Software defect prediction aims at identifying defect prone software modules in order to allocate optimal testing resources. The role of testing in software development life cycle is vital especially when software systems are becoming more and more complex, representing a suitable environment for defects. Several researchers have striven to develop models able to determine defective modules with the aim of reducing time and cost of software testing. Such models are typically trained on software measurements, known as software metrics, which describe the characteristics of a software project in terms of e.g., dimension and complexity. These metrics reduce the subjectivity of software quality assessment and can be relied on for decision making, e.g., to decide where to focus software tests.
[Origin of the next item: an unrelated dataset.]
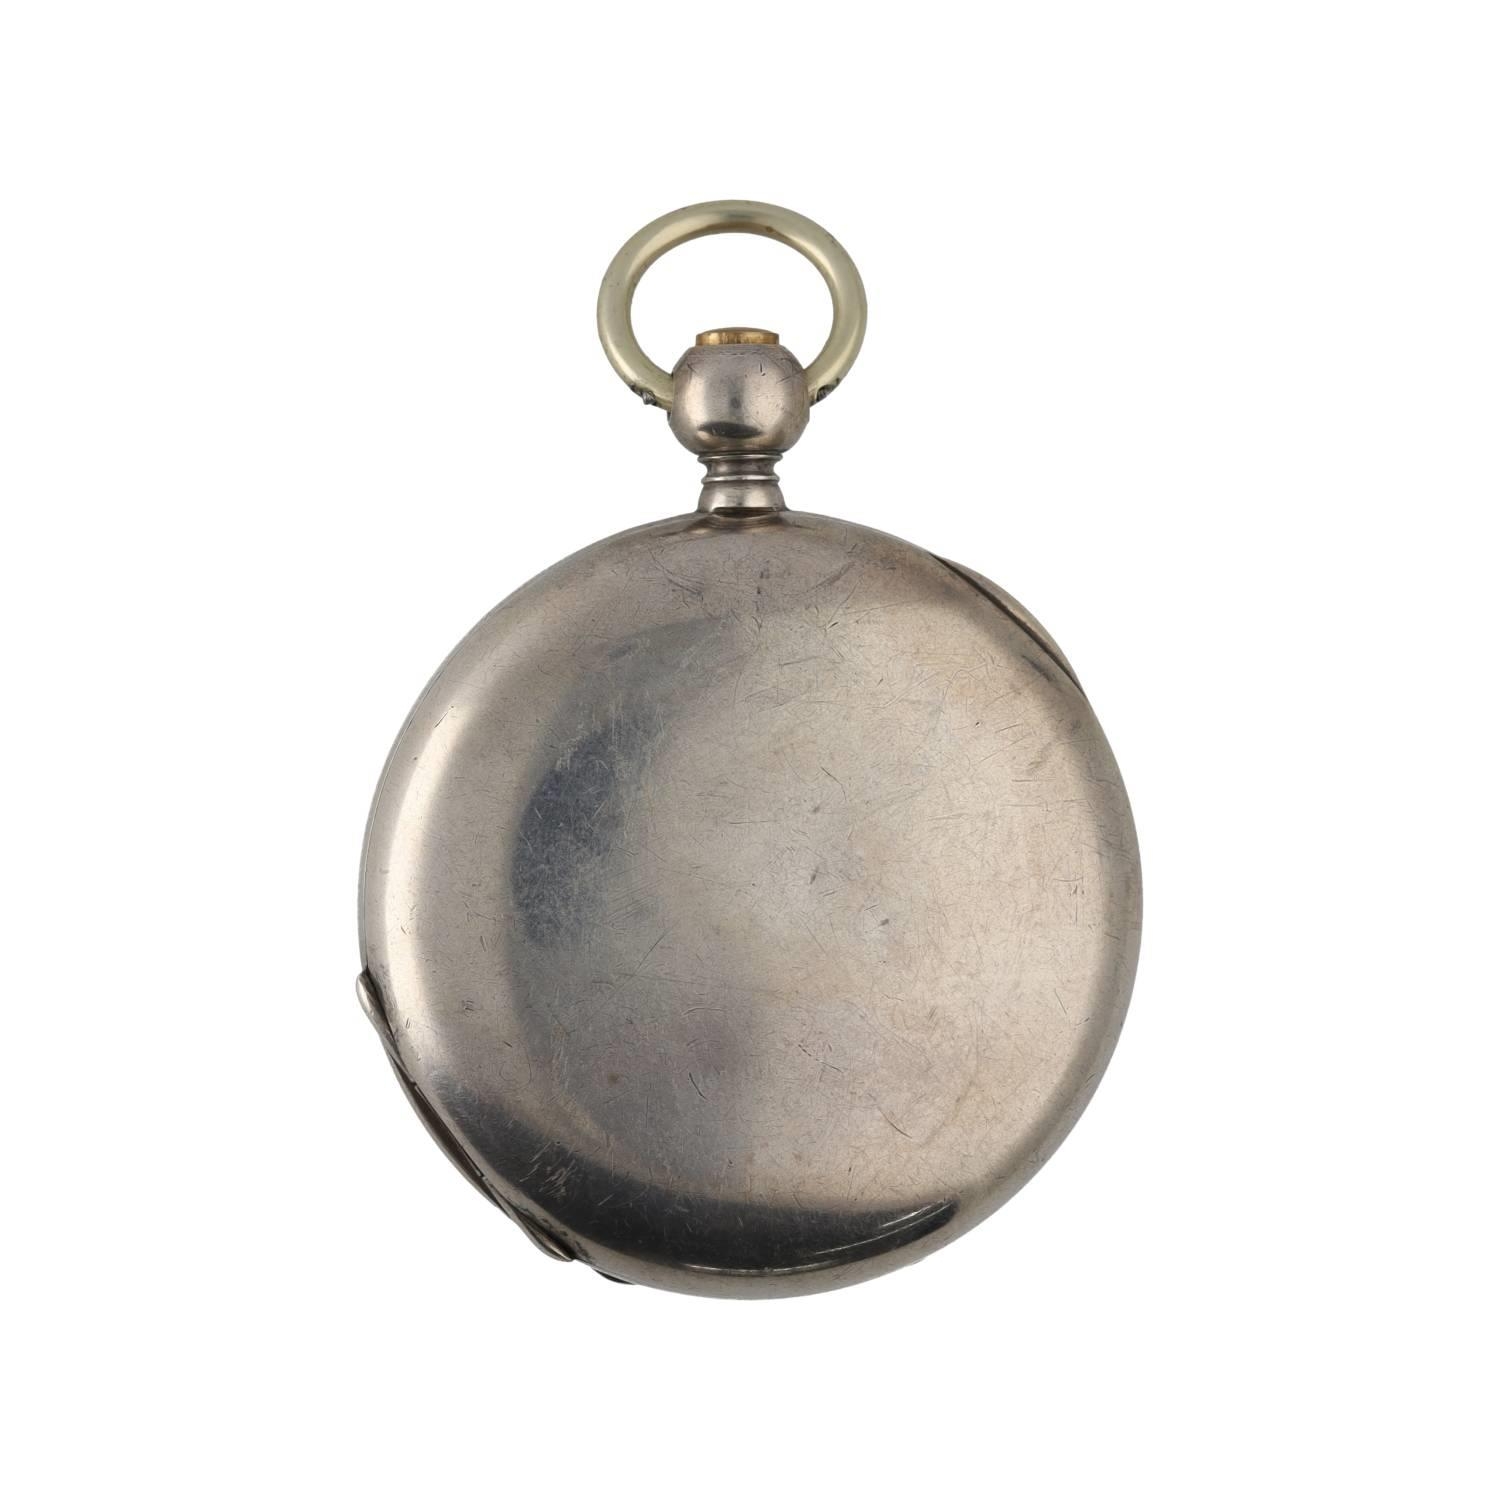 Early American Waltham 'P.S. Bartlett' lever hunter pocket watch, circa 1864, serial no. 148734, - Image 5 of 5

The aim of our work is to employ both feature selection or construction techniques and machine learning techniques to build software defect prediction models on different kinds of software dataset metrics (derived from various software projects available in the NASA and Eclipse repositories), and assess their performances by considering accuracy, precision, recall and area under the curve. We have used non parametric tests to compute the statistical significance of the obtained results. The collected metrics belong to three main categories: dimension, complexity and object orientation. The involved datasets contain class labels, i.e., information on the defectiveness of the software modules.
To make our study available to research community, we have developed an open source and extensible R application that supports researchers to load the selected kinds of datasets, to filter them according to the their features and to apply machine learning techniques.